To see where I'm headed, take a look at the demo program in Figure 1. It uses each of the three different techniques to generate six sets of random indices between 0 and 9. Notice that the indices generated by the brute-force method are sorted, but the indices generated by the Fisher-shuffle and reservoir-sampling methods aren't sorted.
I'll walk you through the demo program so you'll understand the pros and cons of each technique and know when each technique is appropriate. I coded the demo program using C#, but you should have no trouble refactoring the demo code to another language such as Visual Basic or JavaScript. This article assumes you have intermediate-level programming skills. I've removed all error checking from the demo program to keep the main ideas clear.
The Demo Program Structure
To create the demo program, I launched Visual Studio and created a new C# console application named DistinctIndices. The demo has no significant .NET dependencies, so any version of Visual Studio will work. After the template code loaded in the Visual Studio editor, I deleted all unnecessary using statements at the top of file Program.cs, leaving just the reference to the System namespace.
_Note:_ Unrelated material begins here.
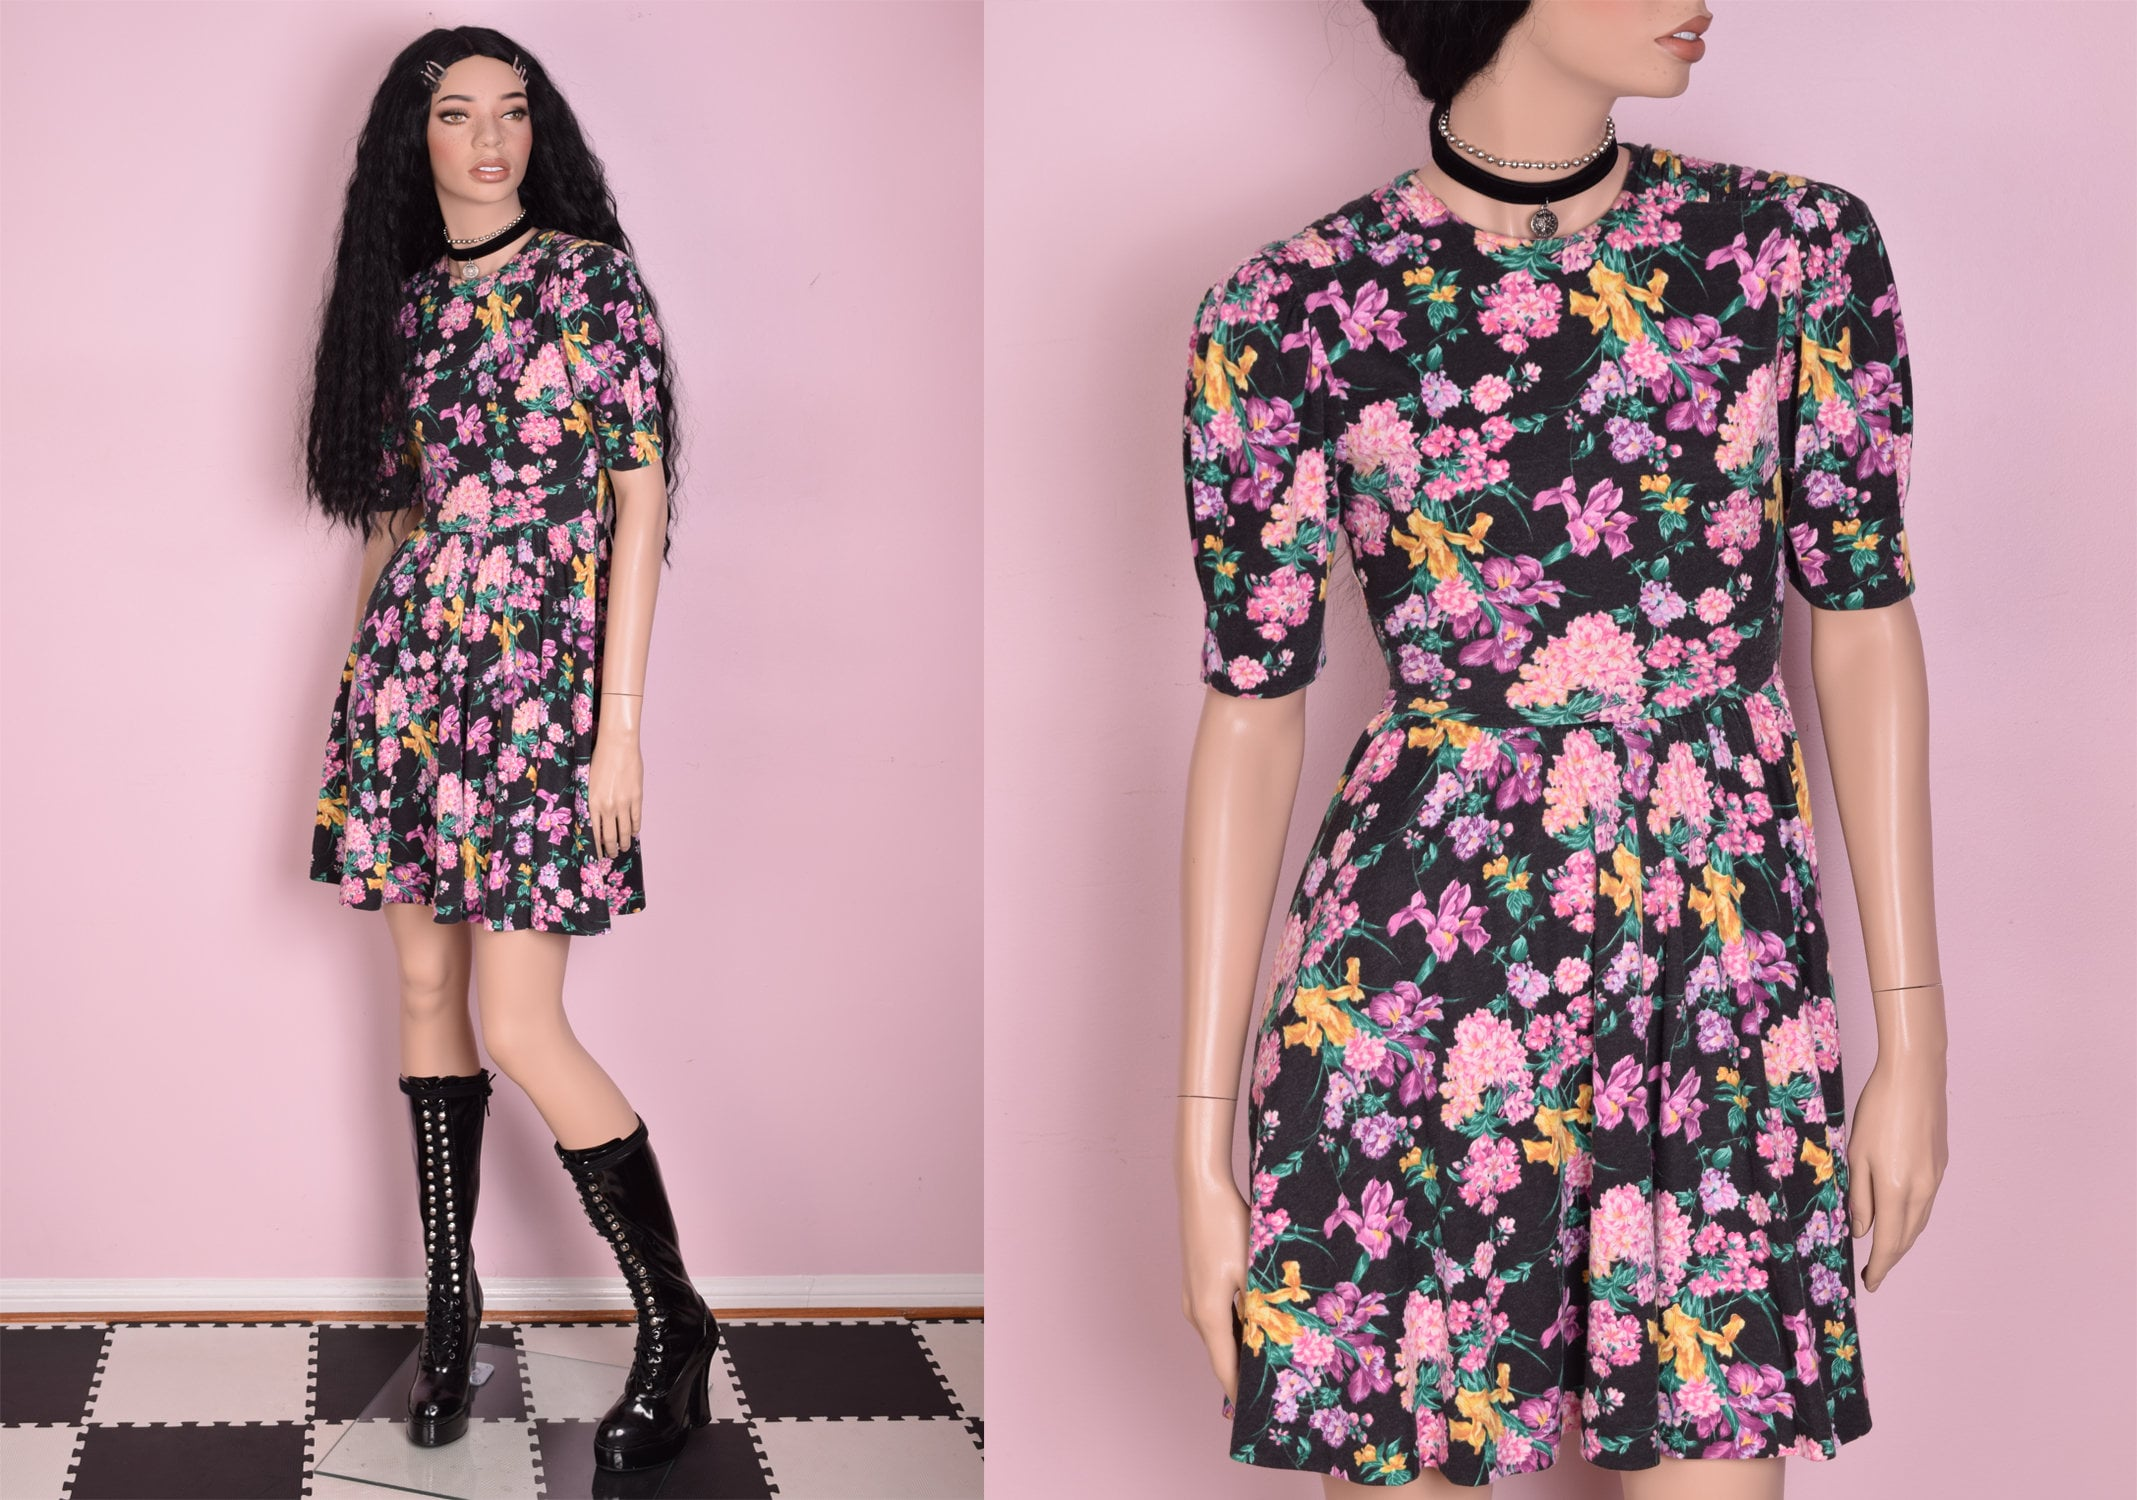 80s Dresses | Casual to Party Dresses 80S Floral Print Knit Dress Us 2 1980S $27.62 AT vintagedancer.com

The overall structure of the demo program, with some minor edits to the WriteLine statements, is presented in Listing 1.
Listing 1. Distinct indices program structure.
using System;
namespace DistinctIndices
{
class Program
{
static Random rnd = new Random(0);
static void Main(string[] args)
{
Console.WriteLine("Begin demo generating random, distinct, " +
"array indices\n");
Console.WriteLine("Generating six sets of 4 random ints " +
"between 0 and 9 using brute-force\n");
for (int i = 0; i < 6; ++i)
{
int[] indices = Brute(4, 10);
Console.Write("set " + i + ": ");
ShowVector(indices);
}
Console.WriteLine("Generating six sets of 4 random ints " +
"between 0 and 9 using Fisher-shuffle\n");
for (int i = 0; i < 6; ++i)
{
int[] indices = Fisher(4, 10);
Console.Write("set " + i + ": ");
ShowVector(indices);
}
Console.WriteLine("Generating six sets of 4 random ints " +
"between 0 and 9 using reservoir-sampling\n");
for (int i = 0; i < 6; ++i)
{
int[] indices = Reservoir(4, 10);
Console.Write("set " + i + ": ");
ShowVector(indices);
}
Console.WriteLine("End demo\n");
Console.ReadLine();
}
static int[] Brute(int n, int range) { . . }
private static bool HasDups(int[] array) { . . }
static int[] Fisher(int n, int range) { . . }
static int[] Reservoir(int n, int range) { . . }
private static void ShowVector(int[] vector) { . . }
} // Program
} // ns
Method Brute implements the brute-force technique. Method HasDups is a helper method used by method Brute. Method Fisher implements the Fisher-shuffle technique. Method Reservoir implements the reservoir-sampling technique. Method ShowVector is a convenience helper to display results in the Main method.
Each of the three methods that generates distinct, random indices accepts two input parameters. The first parameter, n, is the number of indices to generate. The second parameter, range, is the number of candidate indices. Because the goal is to generate random indices, the demo program uses a class-scope Random object named rnd. The rnd object is instantiated with an arbitrary seed value of 3 so that results can be replicated.
The Brute Method
One way to generate distinct, random array indices is to use a brute-force approach: generate random candidate result indices, then check to see if any duplicate indices exist. If there are no duplicates, the method returns the current set of indices; otherwise, it tries again. Method Brute is defined in Listing 2.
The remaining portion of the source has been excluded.